"Excavation," by Janet Jerve (North Star Press of St. Cloud, 73 pages, $12.95)
Janet Jerve's debut volume opens with lyrics on familiar themes: aging parents and childhood scenes. It is the second section that reveals Jerve's mettle as a poet: she is a master of structure.
In this section, she narrates the speaker's mental breakdown and recovered memory of sexual abuse by her father. The form breaks: words scatter across the page and poems segment or compress into short lines.
The poems welcome new language.
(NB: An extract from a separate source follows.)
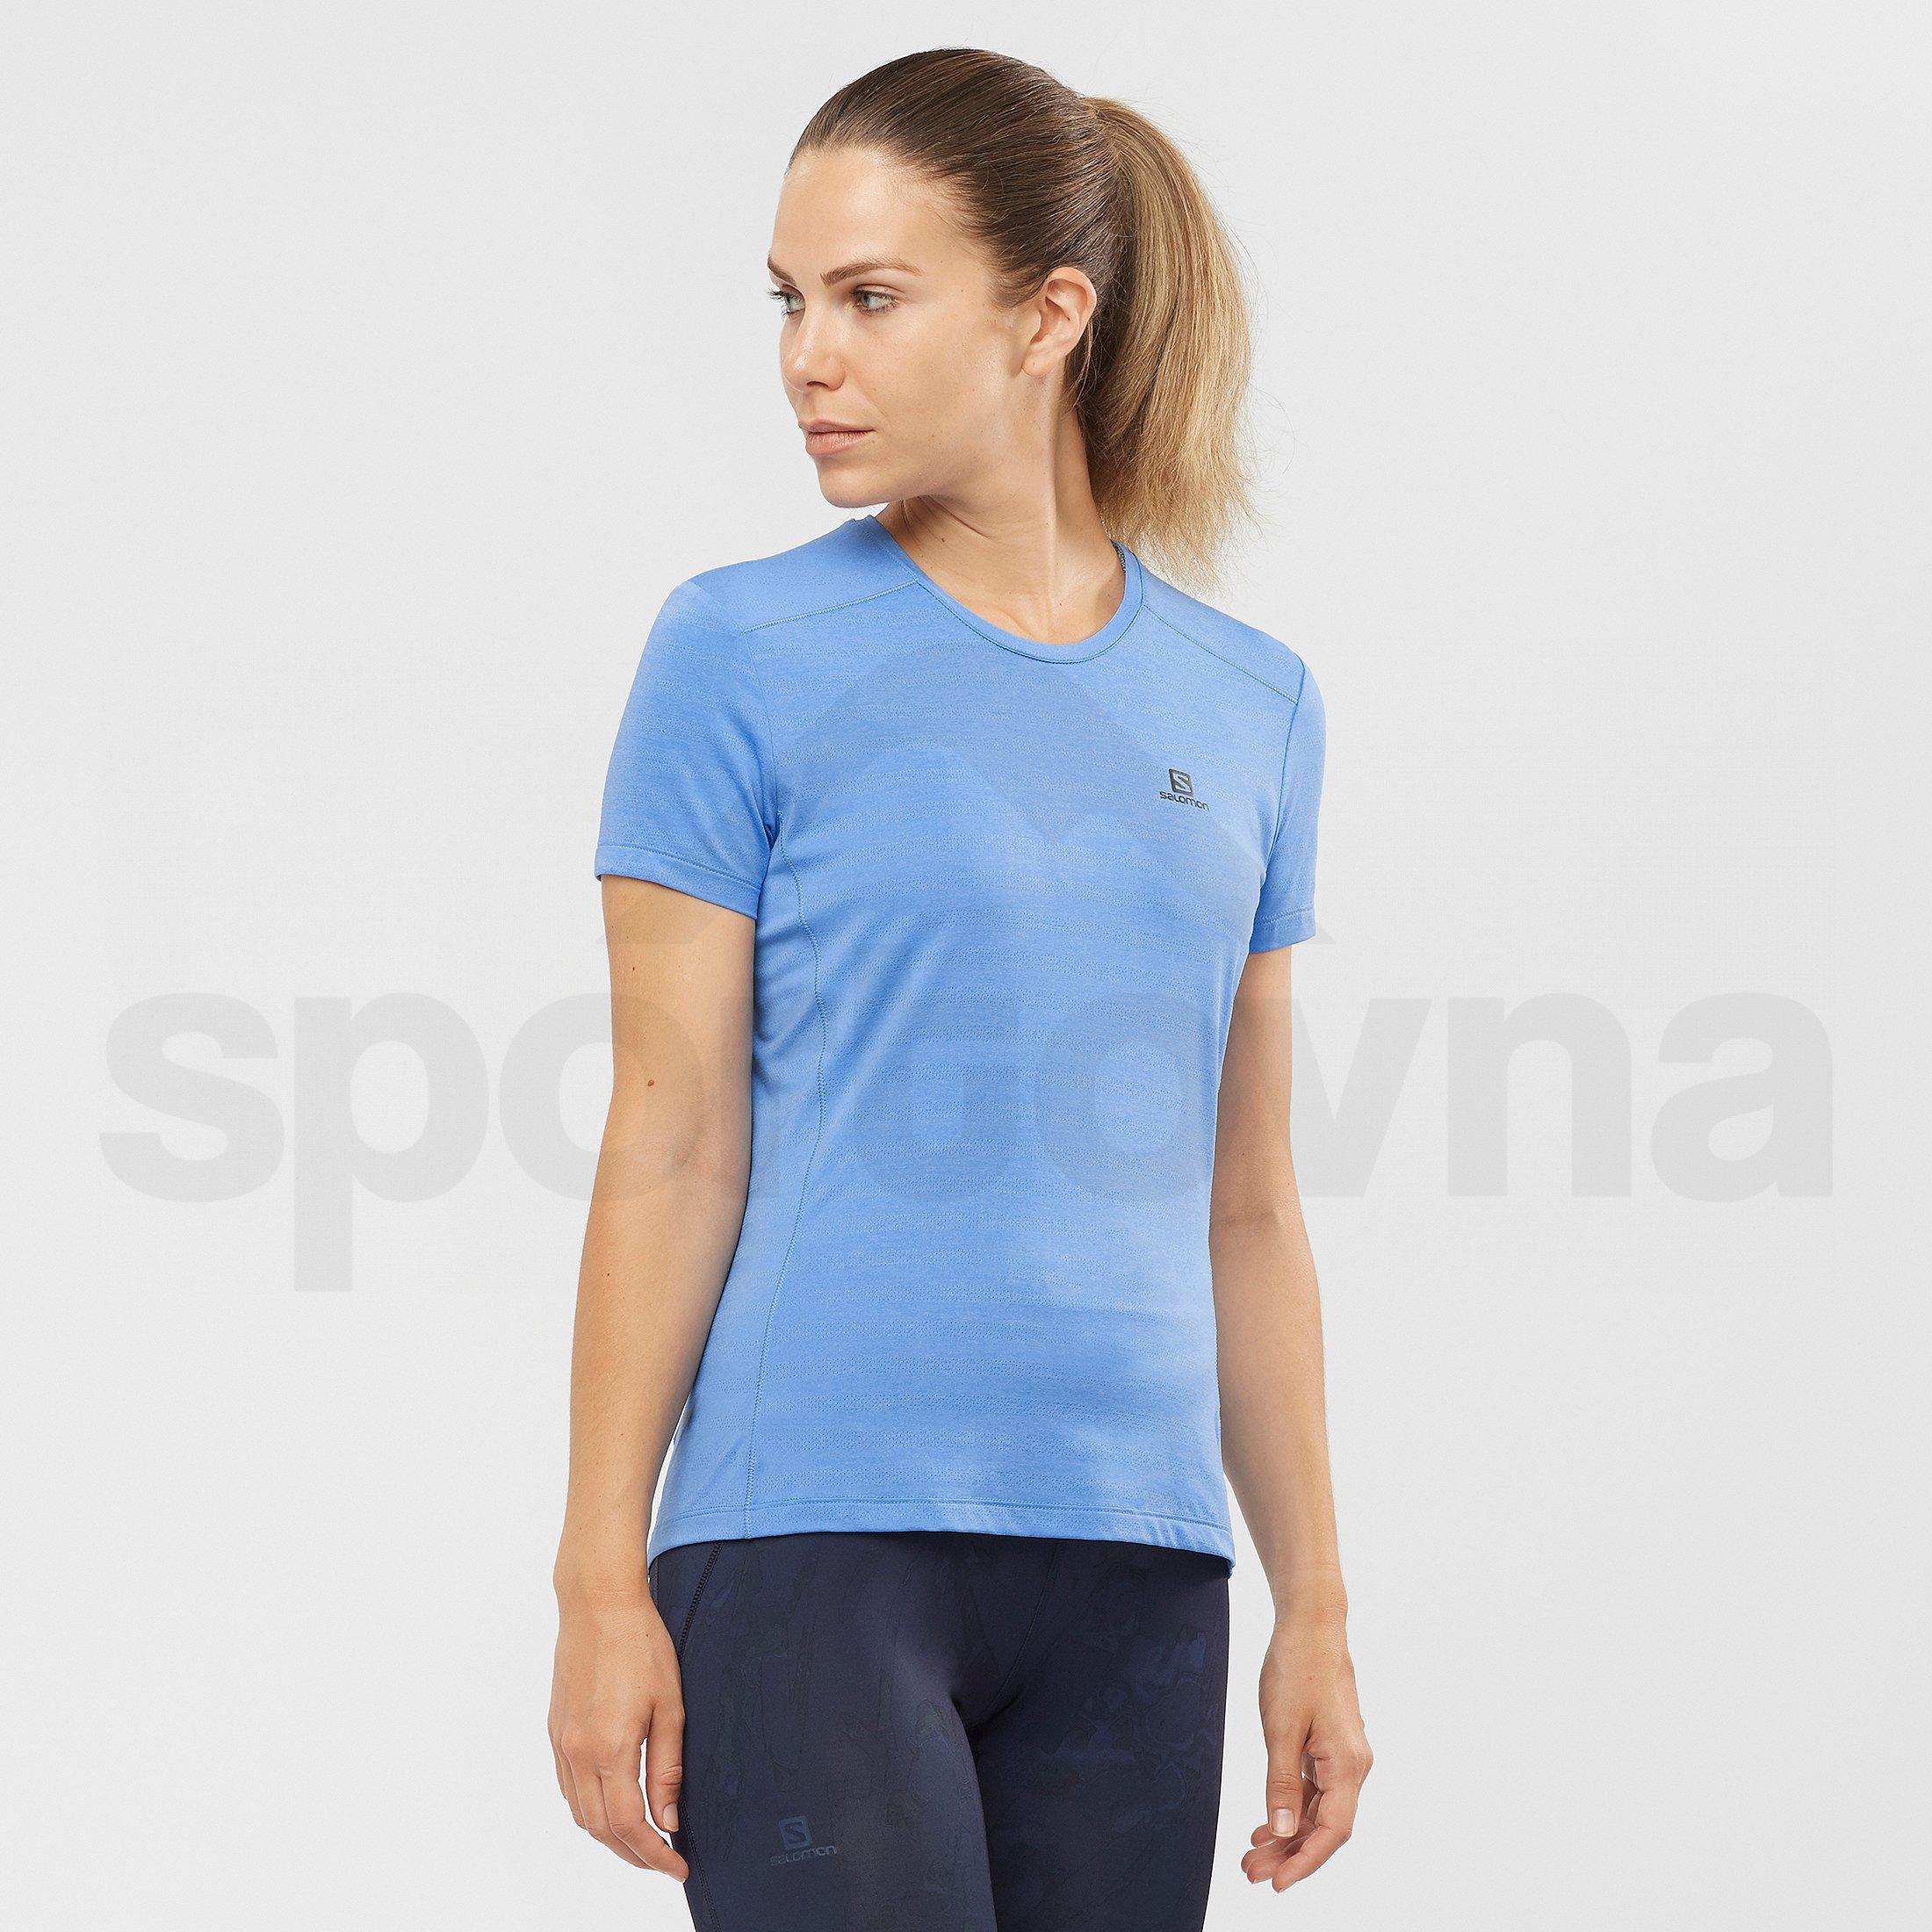 Tričko Salomon XA Tee W - modrá

She wakes, "miserable, shucked"; and lives in a "quaking bog body." In "Breaking Down," she uses absurd MC Hammer lyrics to describes "the voices in your head … all playing chicken as they race / down Main." MC Hammer morphs into the image of a hammer: "through the clutch / of his unwanted touch. / Father hammer." Sound replicates the chaos of her father violating his parent role.
Jerve uses repeated phrases to send the reader back to first section. This structure functions as a metaphor for recovering memory; the reader revising their initial interpretation parallels the speaker's realizations about her past.
The third section moves from personal to communal:
"I imagine the darkness that separates all women, / that connects them to absence, to stars / that have shifted over time with the speed of aggression / to the knowledge there is no beauty in dominance."
Instead, the beauty comes in the speaking against and through dominance with poet's tools: structure and form.